Reviewed by Patricia Taylor Edmisten (Peru, 1962–64)

The title of Ambassador Vicki Huddleston’s memoir, Our Woman in Havana, is a riff on Graham Greene’s novel, Our Man in Havana, published in 1958. In the novel, Graham sardonically takes on British intelligence, especially M16 and its use of Cuban informants.

Ambassador Huddleston, by contrast, has written a forthright memoir covering the years 1999-2002 when she worked as Chief of the US Interests Section in Havana.  As backstory to those years, she provides an interesting narrative of the historical events leading to early US attempts to dominate Cuba and shape its future.  In a brief epilogue, she brings us up to the year 2017 when hopes for a continuing Cuban Spring were jeopardized with Donald Trump’s election.

Huddleston, who, after leaving Cuba, went on to become ambassador to Madagascar, and later, Mali, writes honestly, unafraid to acknowledge her mistakes. If, at times, there’s a little too much attention to her Afghan hound, “Havana,” or to her referring to the short-wave radios her office distributed to dissidents and ordinary Cubans as “my little radios,” she can be forgiven. These little indulgences add a homey quality to an otherwise hard-hitting self-assessment of her three-year stint as, essentially, the US Ambassador to Cuba, a role she admirably filled.

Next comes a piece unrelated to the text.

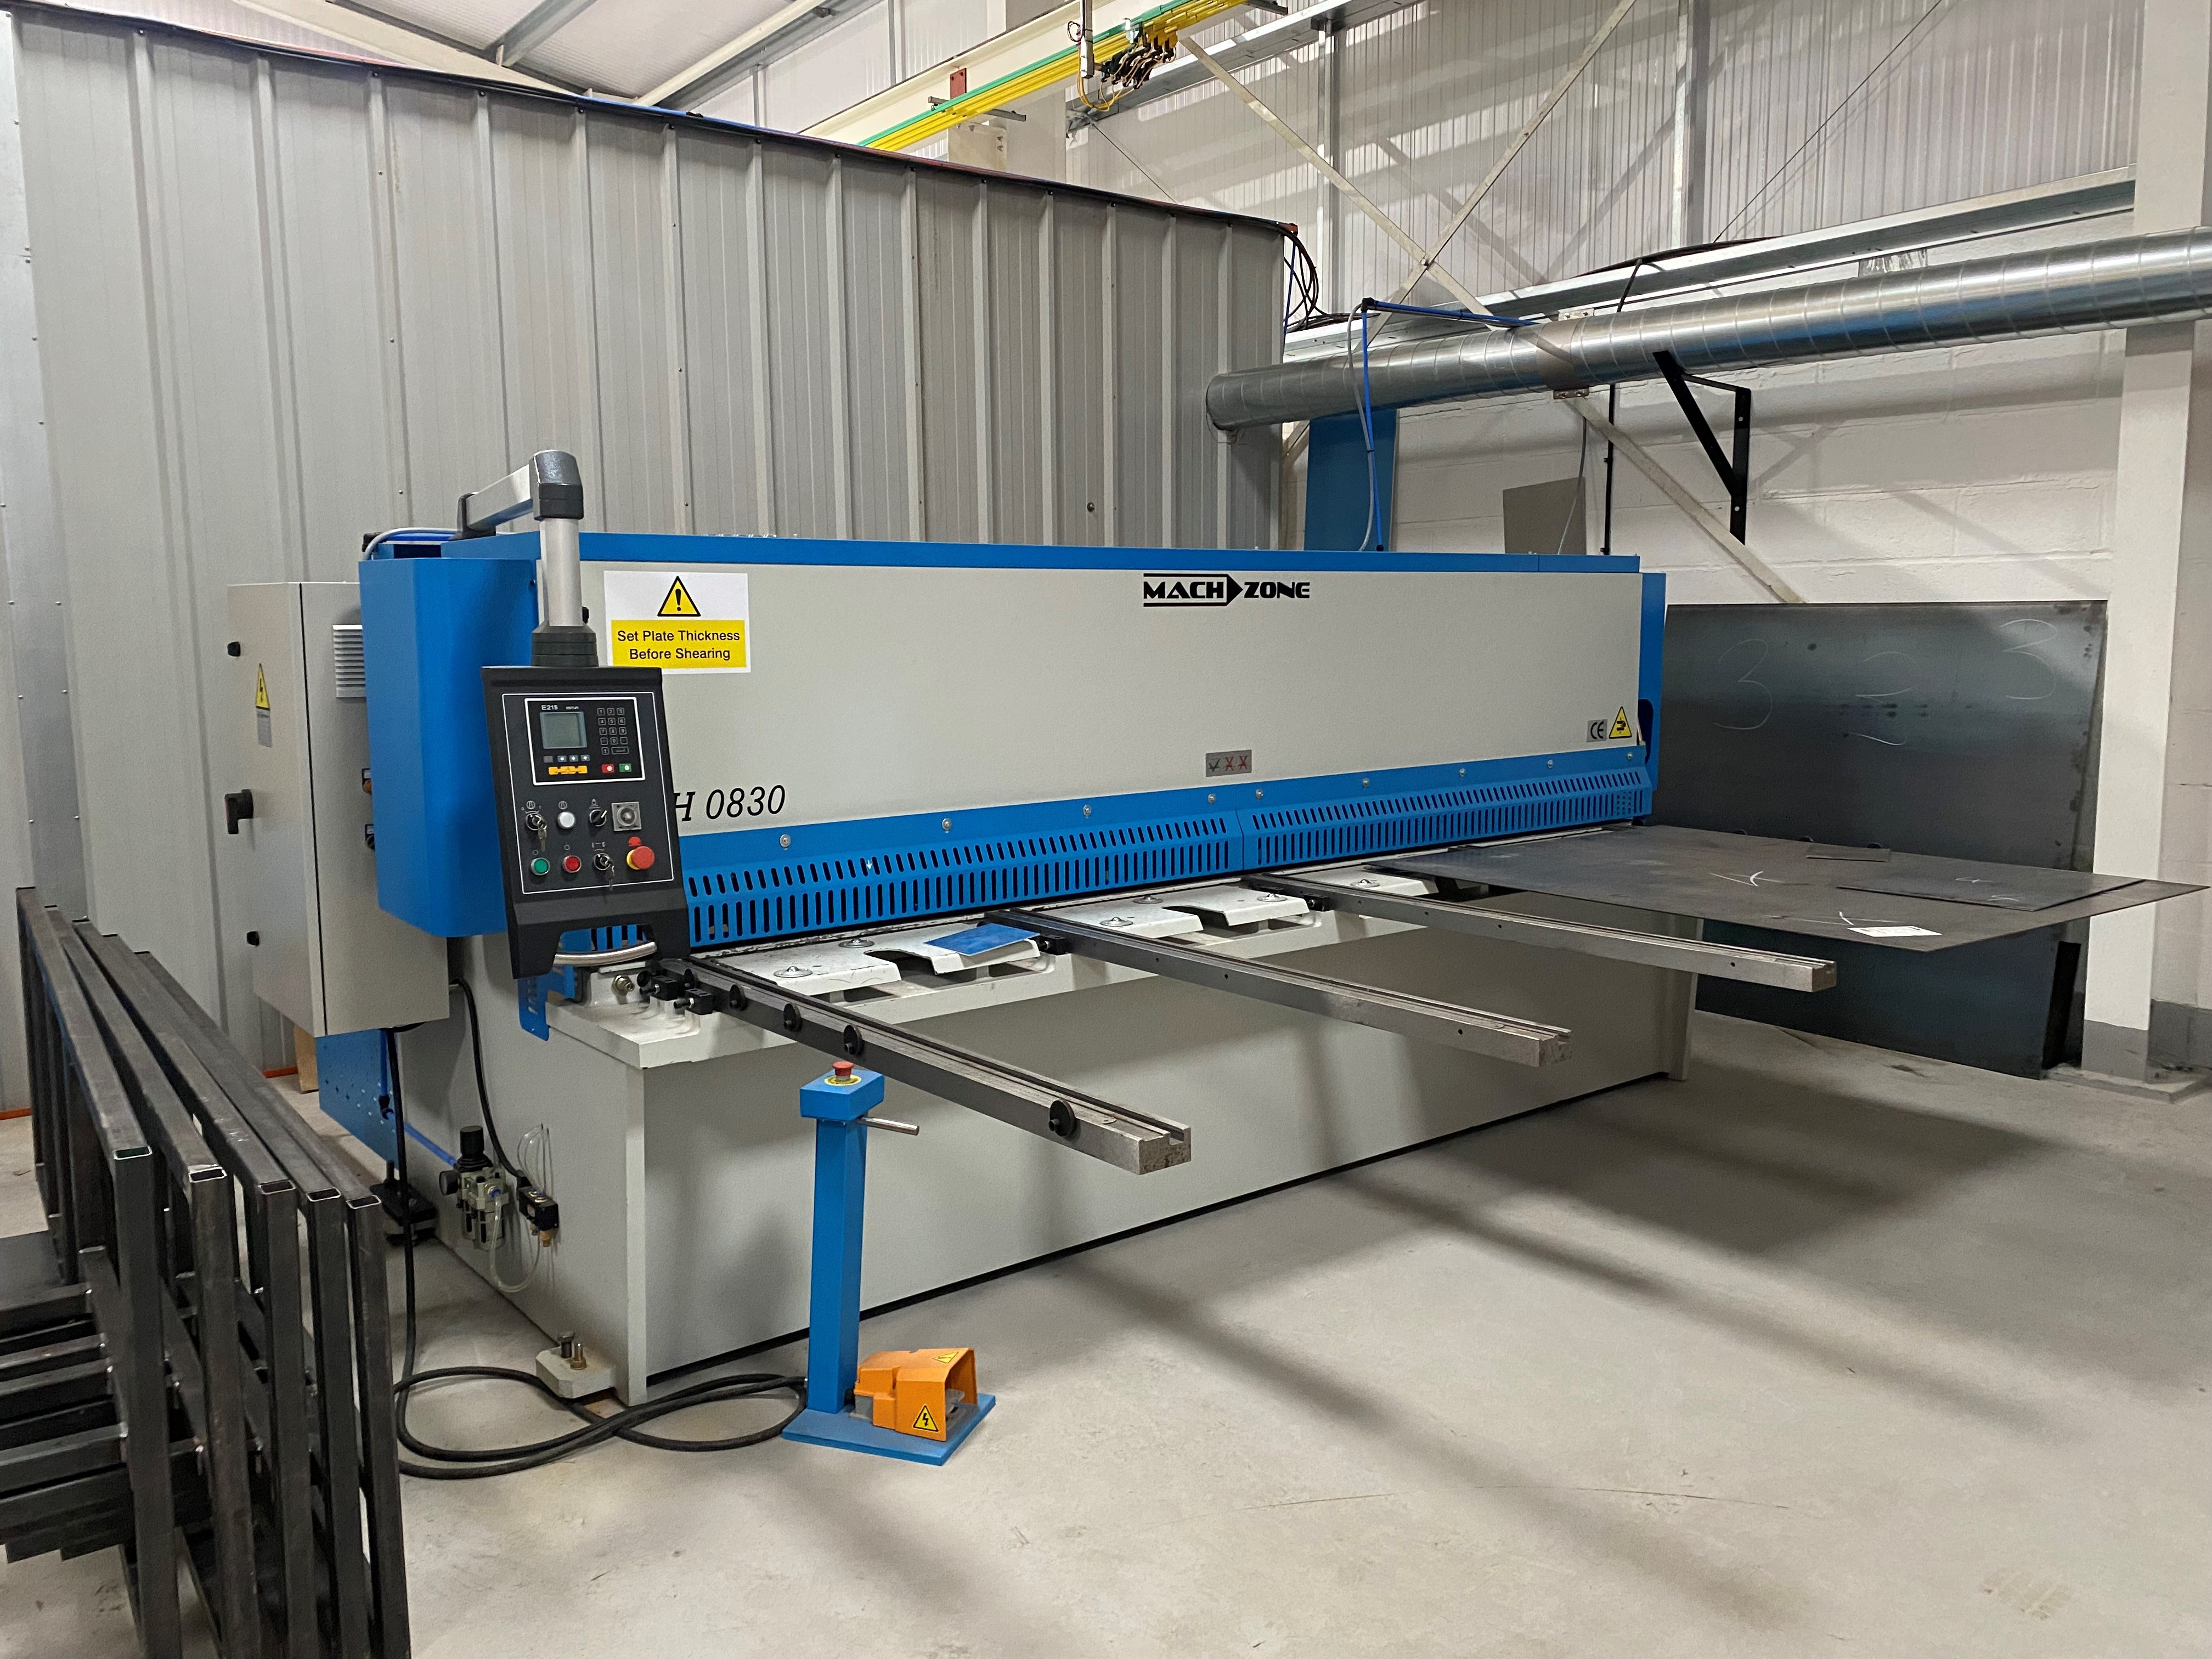 metal bending machine at the PCM handling warehouse

The memoir is full of notable details regarding Fidel Castro’s affronts to her dignity, as, for example, when he asks, “Who are you? Someone’s spouse?” She provides sweeping evidence of Castro’s vise over all aspects of Cuban life; one chapter is entitled, “Fidel is Cuba,” for example, a reference to playwright Arthur Miller’s quote after he and writer William Styron dined with Castro when invited by Nobel winner, Gabriel García Márquez.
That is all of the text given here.